What's the average engagement rate on Instagram?
It depends heavily on account size, so a single 'average' is misleading. For nano accounts under 10K followers, an average ER in the 3–5% range is realistic. For accounts in the 100K–1M range, 1–2% is more typical. The number that matters is whether your ER is above or below what similar accounts in your niche are earning.
Is my engagement rate good for my follower size?
Use the size brackets in this guide as a rough benchmark. If you're a 15K account posting consistently and landing above 3%, that's healthy. If you're well below the floor for your tier, the first questions to ask are whether your content mix has drifted from what built your audience, and whether there's a follower quality issue from past growth tactics.
How do I calculate engagement rate?
The standard formula is (likes + comments) ÷ follower count × 100. Some variants add saves or shares to the numerator — those versions tend to tell a more complete story of content value, but they're less comparable across tools since most publicly-accessible data doesn't include saves. For benchmarking purposes, stick to the likes + comments version for apples-to-apples comparisons.
Why is my engagement rate dropping even though my followers are growing?
This is the normal, expected behavior — not a sign something is broken. As your follower count grows, a fixed pool of engaged fans becomes a smaller share of the total.
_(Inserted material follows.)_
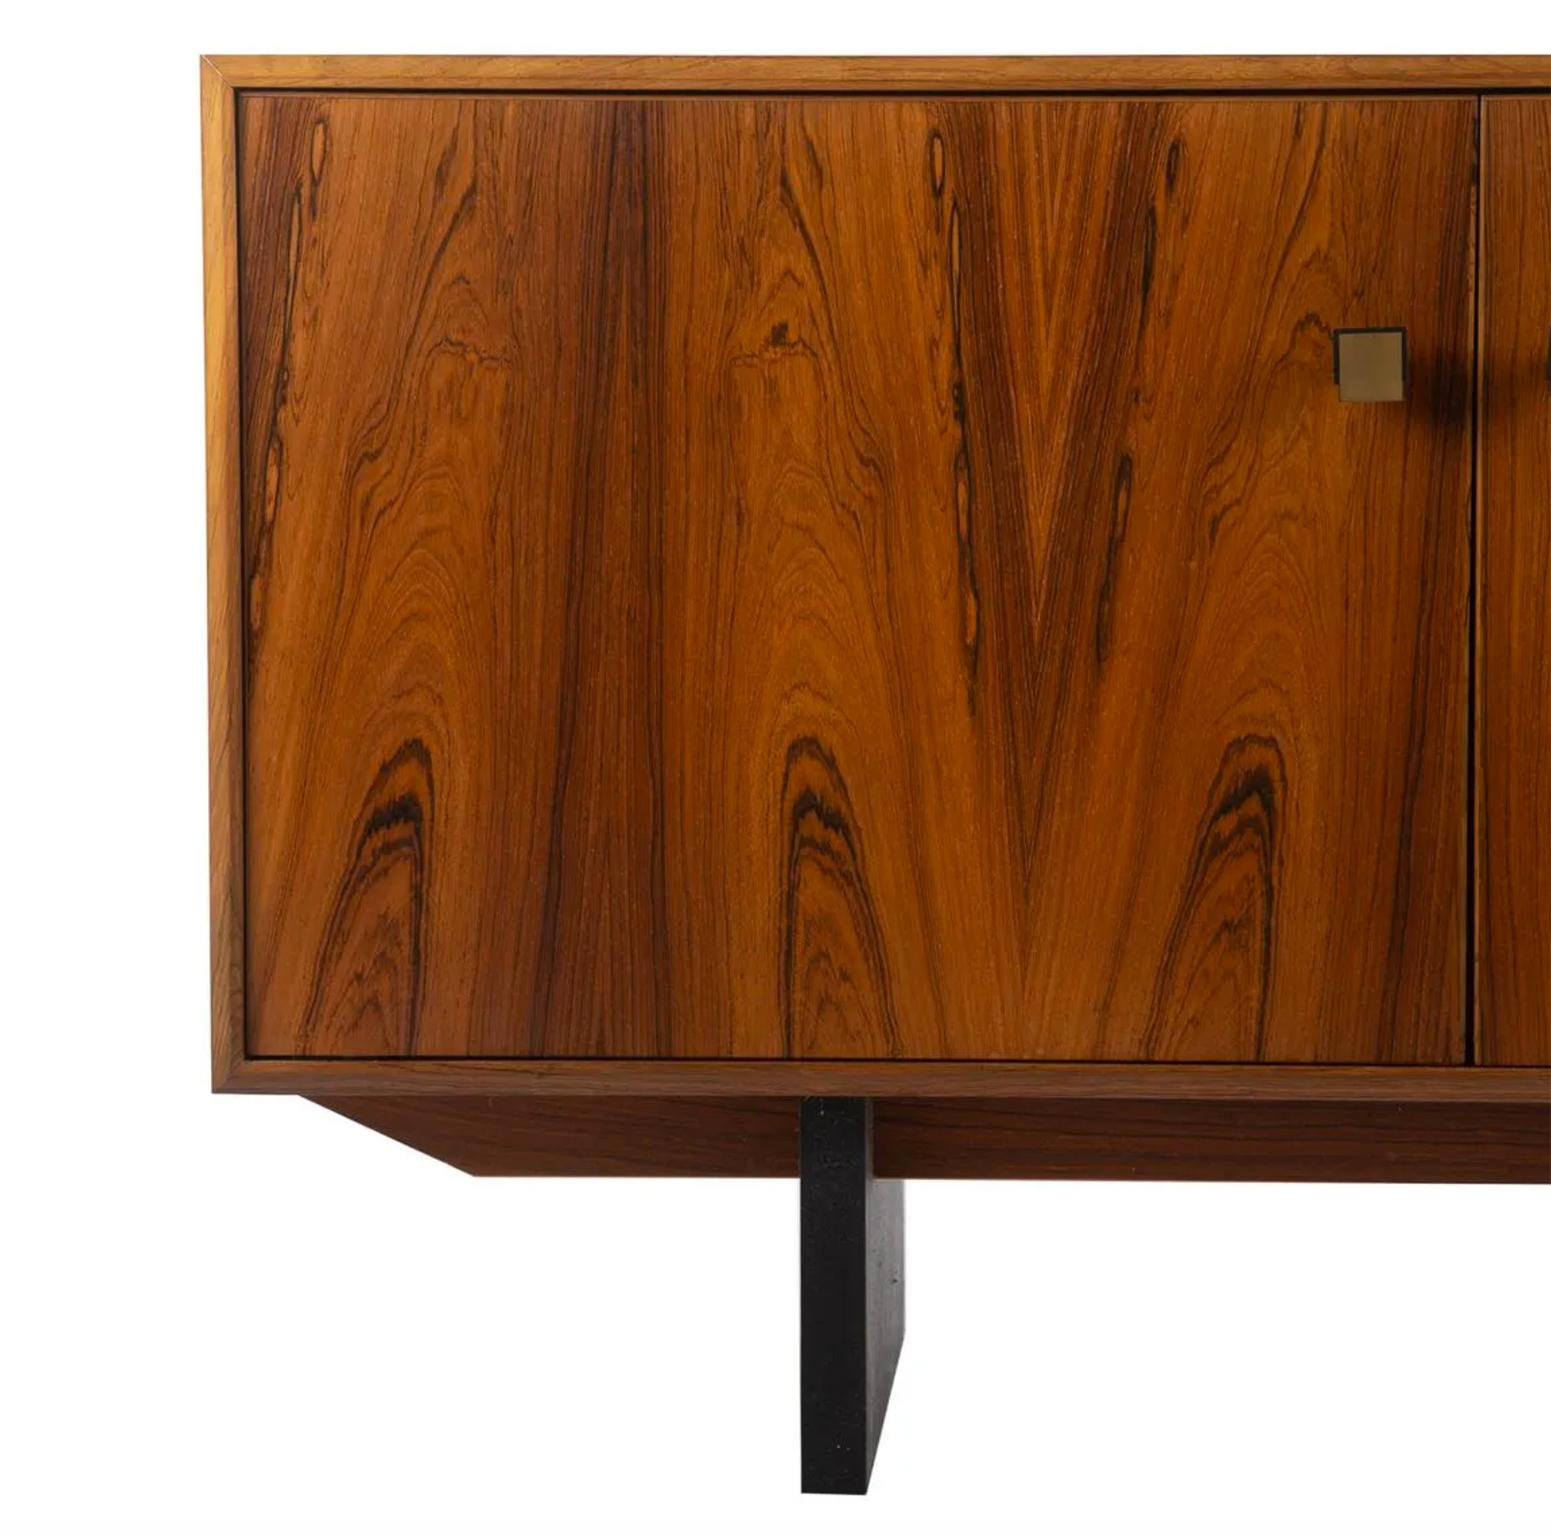 Mid century Danish modern rosewood 4 drawer credenza sideboard dresser cabinet. Has 4 drawers and 2 cabinet doors with brass pulls. Black Lacquer base. Beautiful Rosewood grain. Made In Denmark. Located in Brooklyn NYC.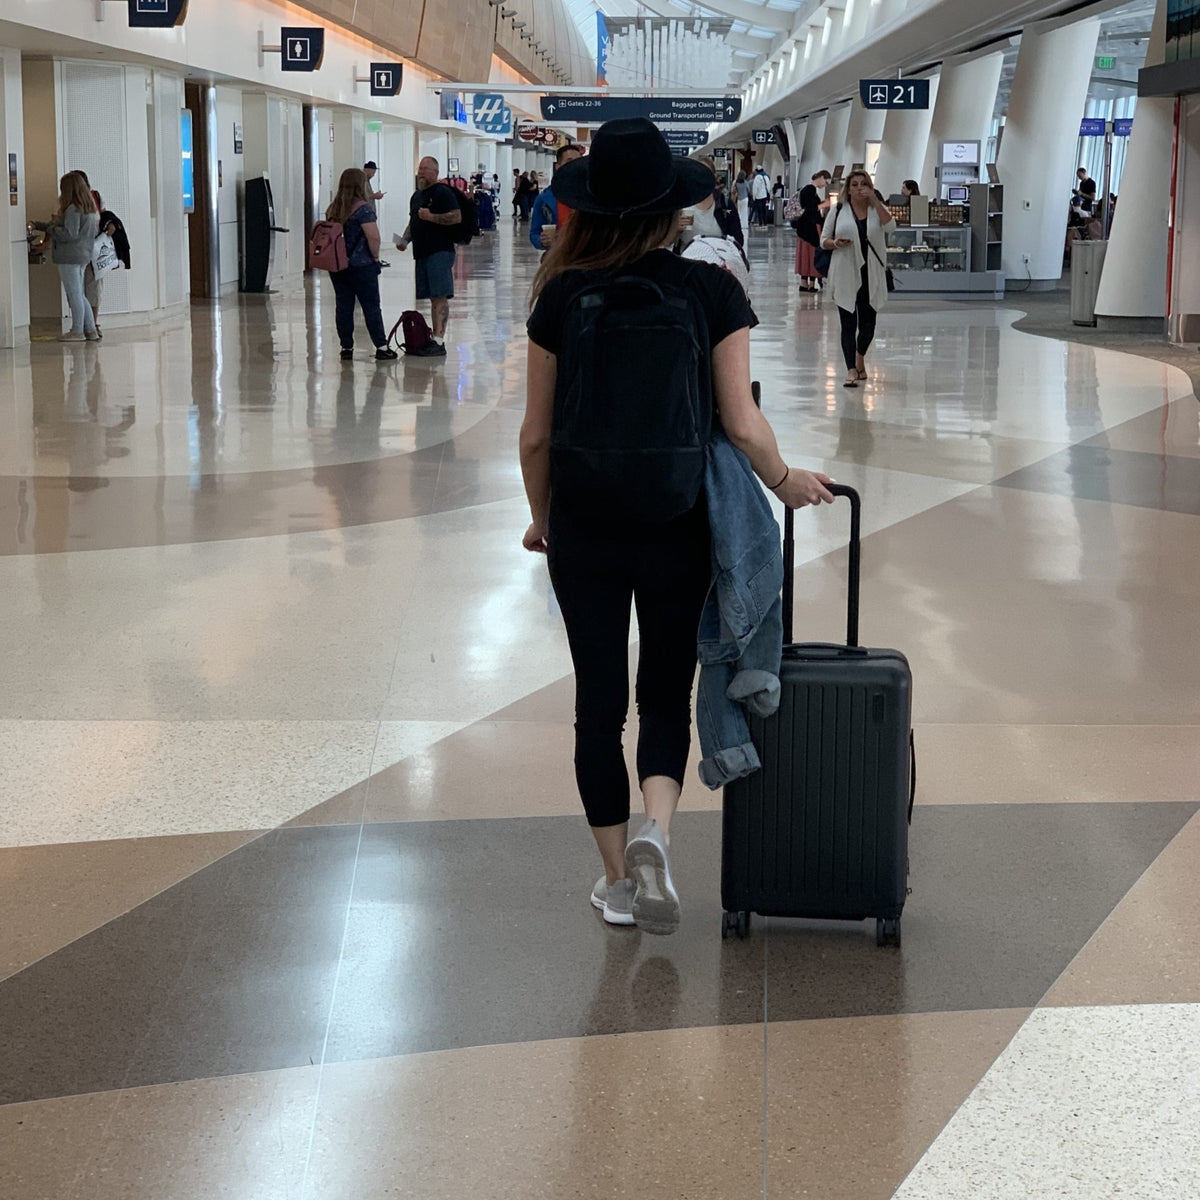 Lifewstyle photo of a woman walking through an airport with a brandless wheeled luggage bag.

If 500 people reliably engage with your posts and you had 10K followers, that's 5%. After growing to 25K followers, the same 500 engaged people is only 2%. The absolute engagement may be holding fine while the rate falls.
Does buying followers help my engagement rate?
No — it makes it worse. Bought followers are inactive accounts, so they inflate your denominator without adding any likes or comments. A 10K account with 3K bought followers has the same engagement numbers as before but now shows a lower ER. It also damages the credibility signal ER is supposed to provide to brands, collaborators, and the algorithm.